Under the new financial reform bill’s Volcker rule, banks are supposed to stop trading with their own money.
But banks haven’t pulled back on their risky trades so far and are unlikely to do so in coming years as the new rules go into effect, experts tell The New York Times.
That’s because banks will still be allowed to execute speculative trades for their clients, giving them great latitude to do it for themselves tool.
Banks certainly haven’t shied away from risky trades so far this year. JPMorgan Chase and Goldman Sachs, generally acknowledged as the two strongest banks on Wall Street, each lost more than $100 million on trades executed for customers between April and July.
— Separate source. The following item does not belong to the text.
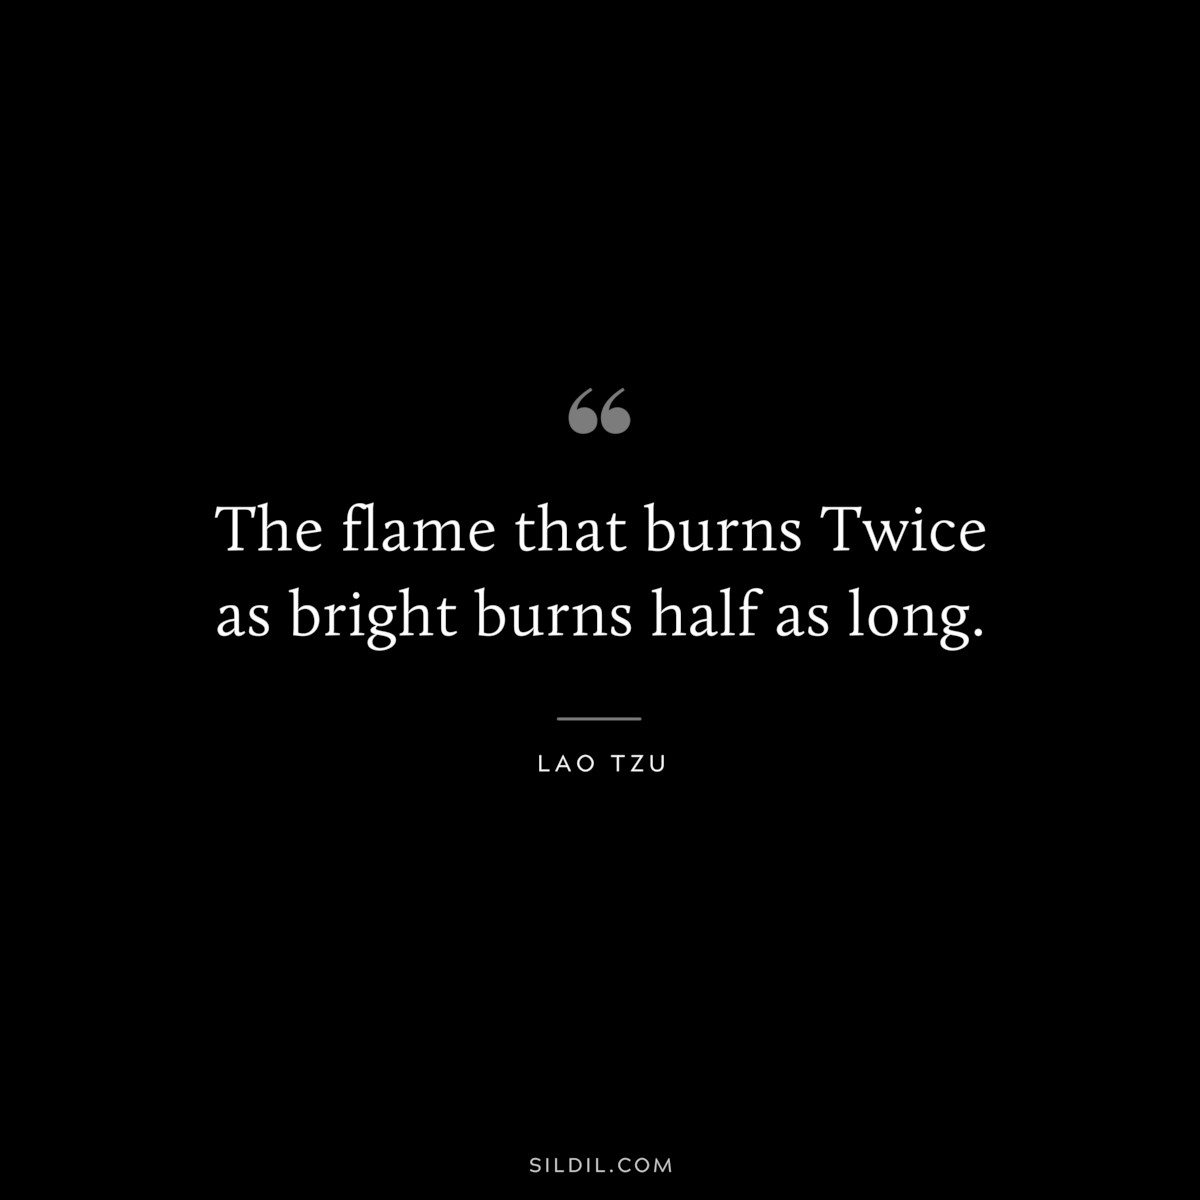 The flame that burns Twice as bright burns half as long. ― Lao Tzu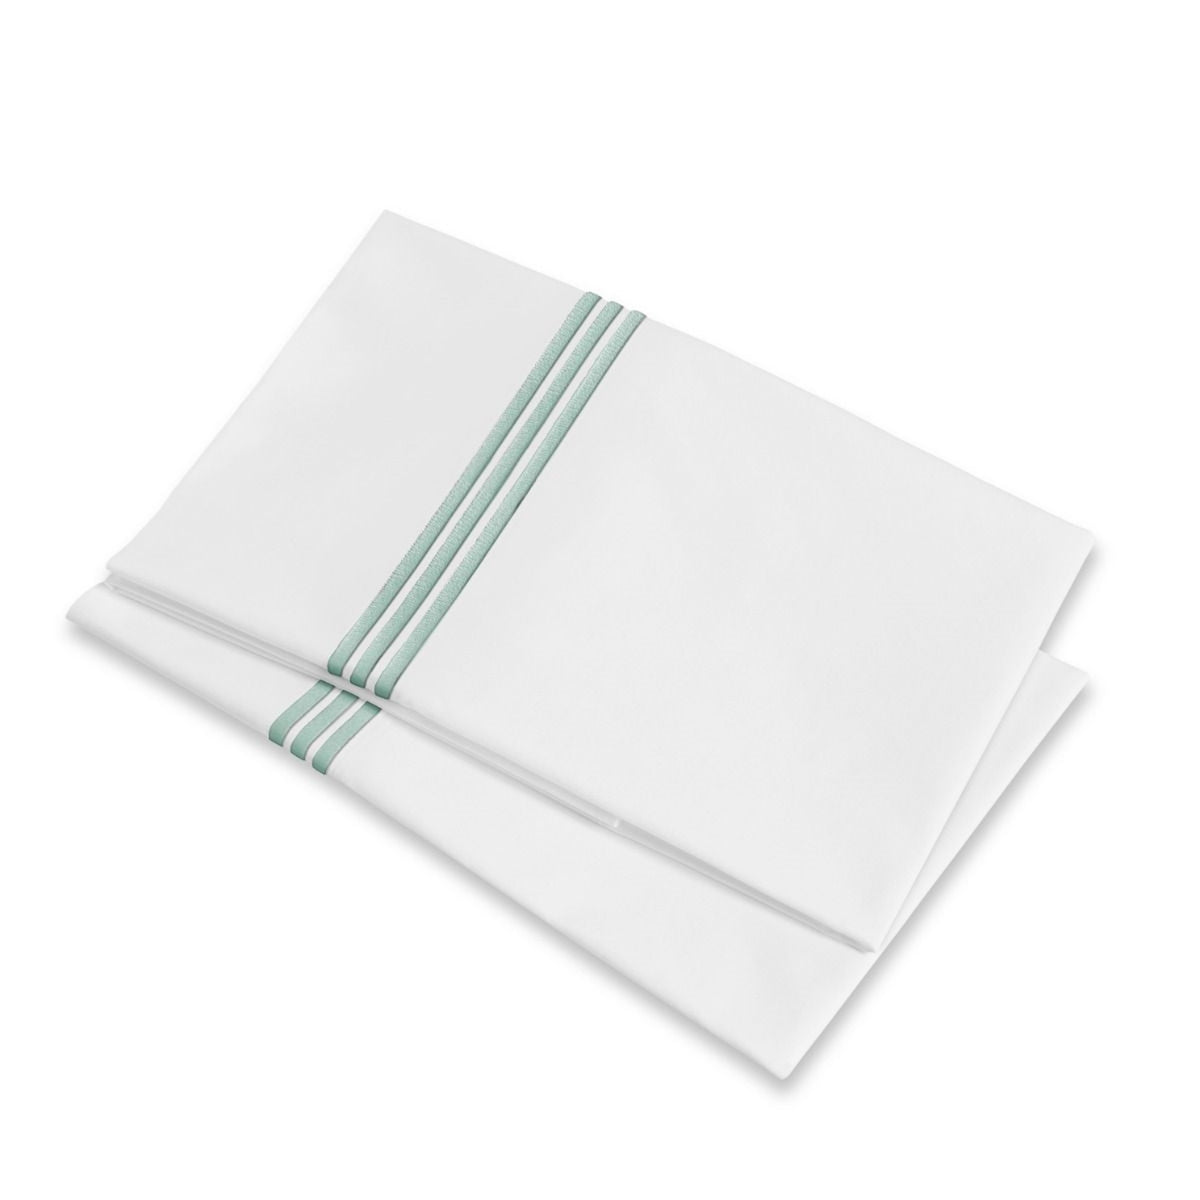 Folded Pillowcases of Signoria Platinum Percale Bedding in White/Silver Sage Color

“You can use client activity as a cover for basically anything you are doing,” Janet Tavakoli, an independent financial consultant, told The Times.
It’s very problematic that losses like this are showing up. It’s a prime example of what the financial reform bill doesn’t address.”
Goldman’s customer businesses tend to have a proprietary overlay, a former Goldman official told The Times. “That overlay can effectively allow them to make directional bets by using the customer flow to get them there.”
Talk that Goldman is selling its proprietary trading operation is just that – talk, says Fox Business News correspondent Charlie Gasparino.
“What they tell me over there: there was never any plan to spin the equity proprietary trading desk off,” he said.